# Work order
Return the full listing unchanged, excluding any images it contains.

# The data
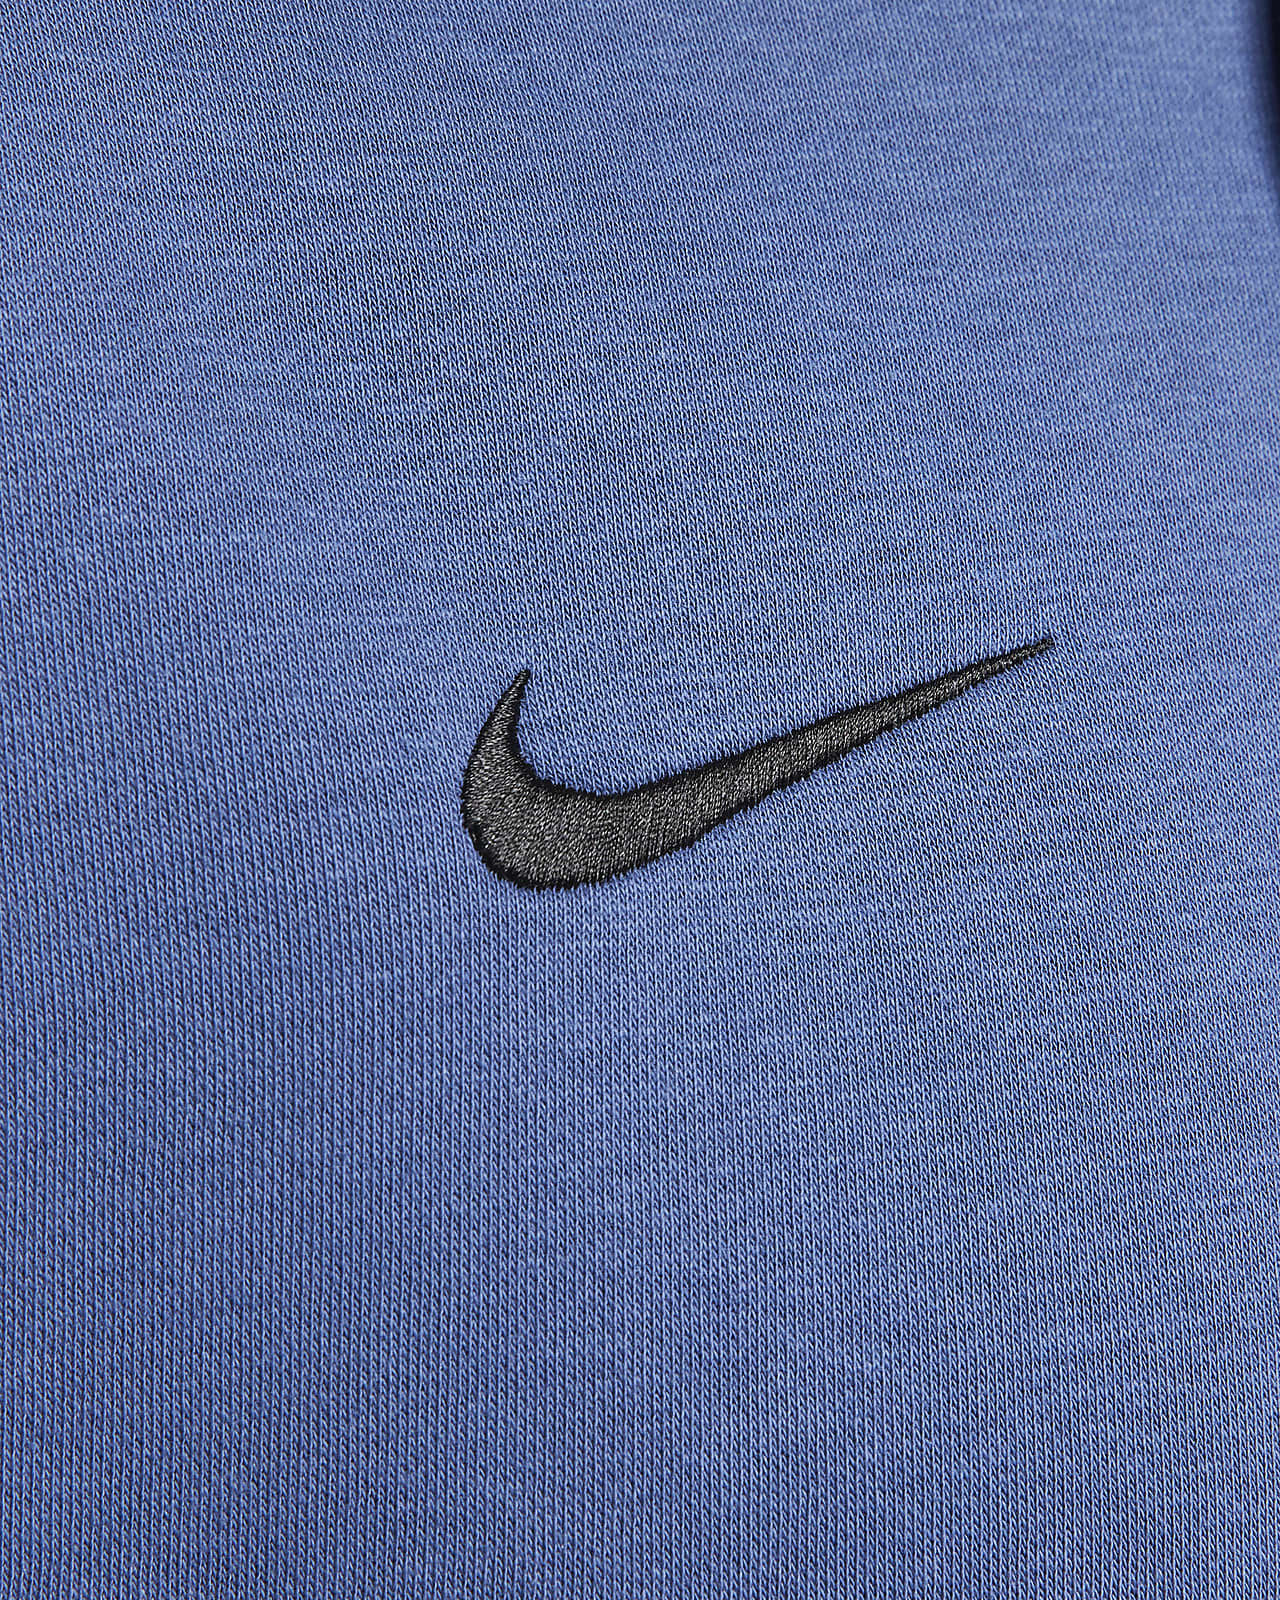 Nike Sweat-Shirt C / à Capuche Homme Sportswear Club Toison - 621 ( Rose  Fluo /
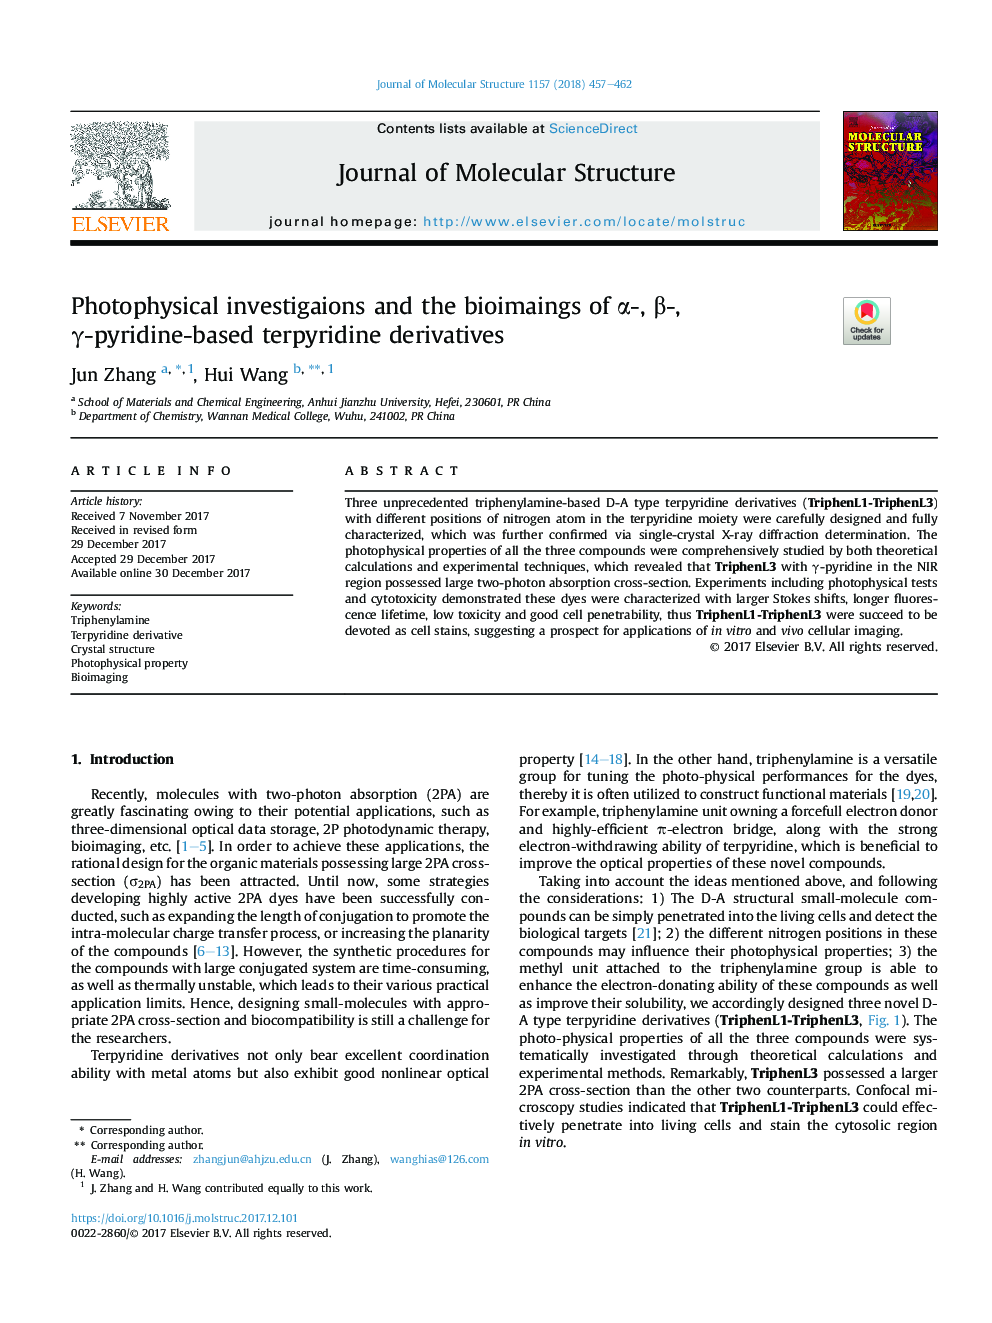 Photophysical investigaions and the bioimaings of Î±-, Î²-, Î³-pyridine-based terpyridine derivatives
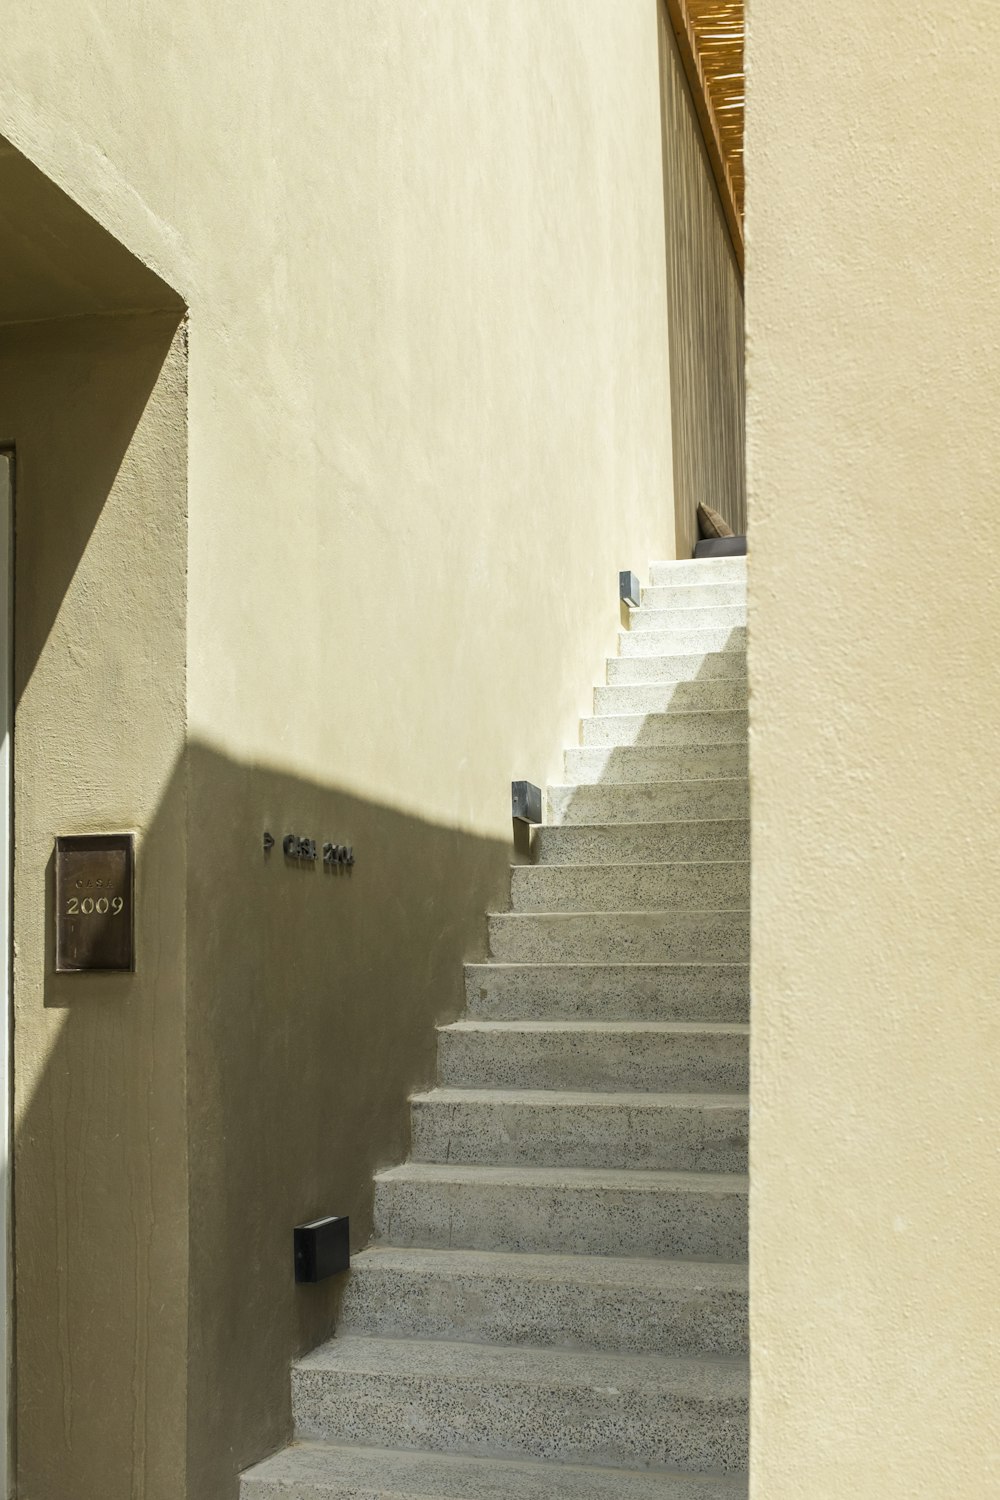 Escalier en béton blanc avec porte en bois brun
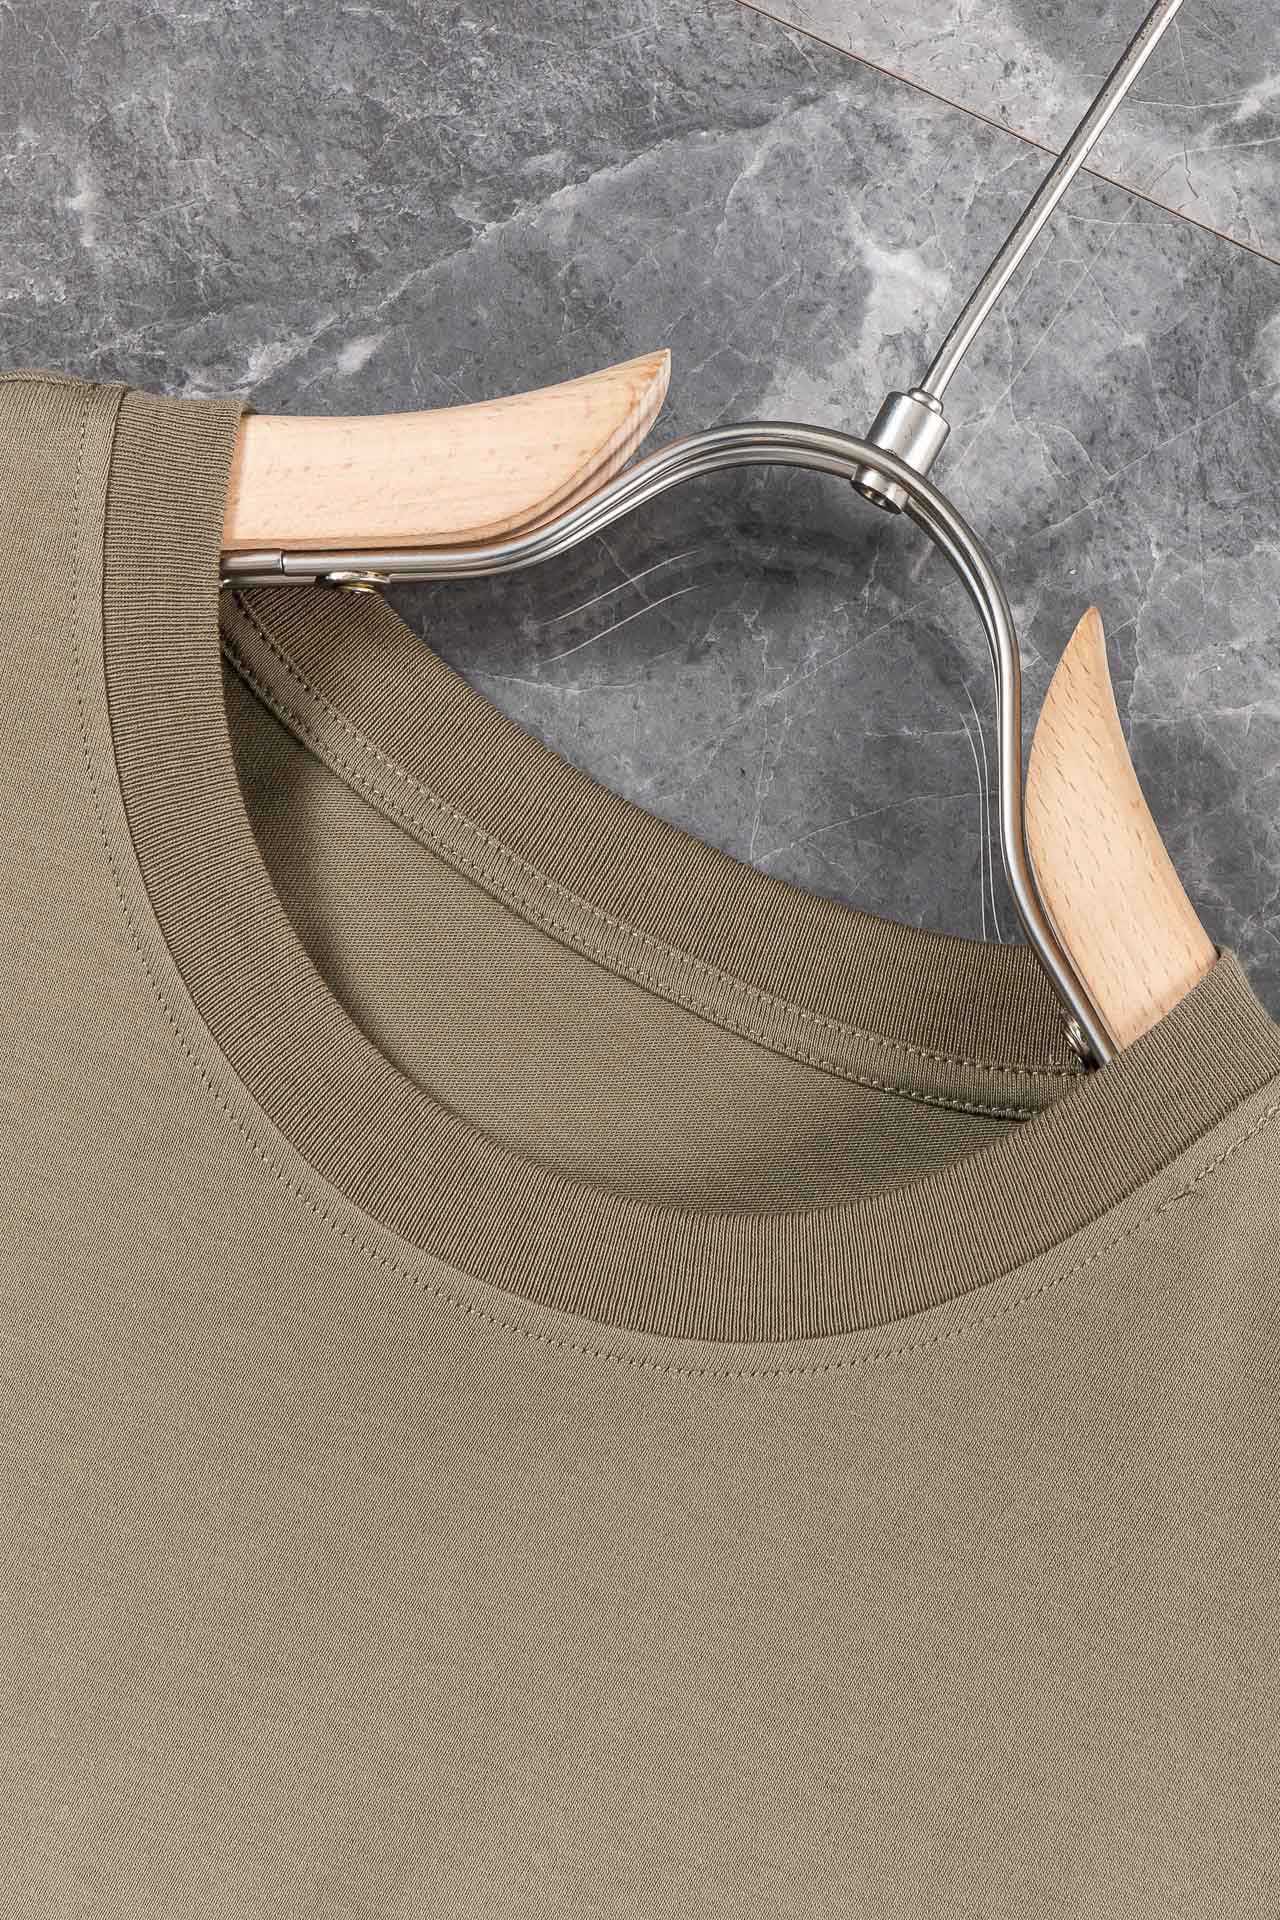 New#爱马仕*HERM*S*整体的设计颇具时尚感圆领短袖T恤设计采用袖子边缘嵌入撞色棉质螺纹装饰叠穿的

# Problem solution
 Nike Sweat-Shirt C / à Capuche Homme Sportswear Club Toison - 621 ( Rose  Fluo /
 Photophysical investigaions and the bioimaings of Î±-, Î²-, Î³-pyridine-based terpyridine derivatives
 Escalier en béton blanc avec porte en bois brun
 New#爱马仕*HERM*S*整体的设计颇具时尚感圆领短袖T恤设计采用袖子边缘嵌入撞色棉质螺纹装饰叠穿的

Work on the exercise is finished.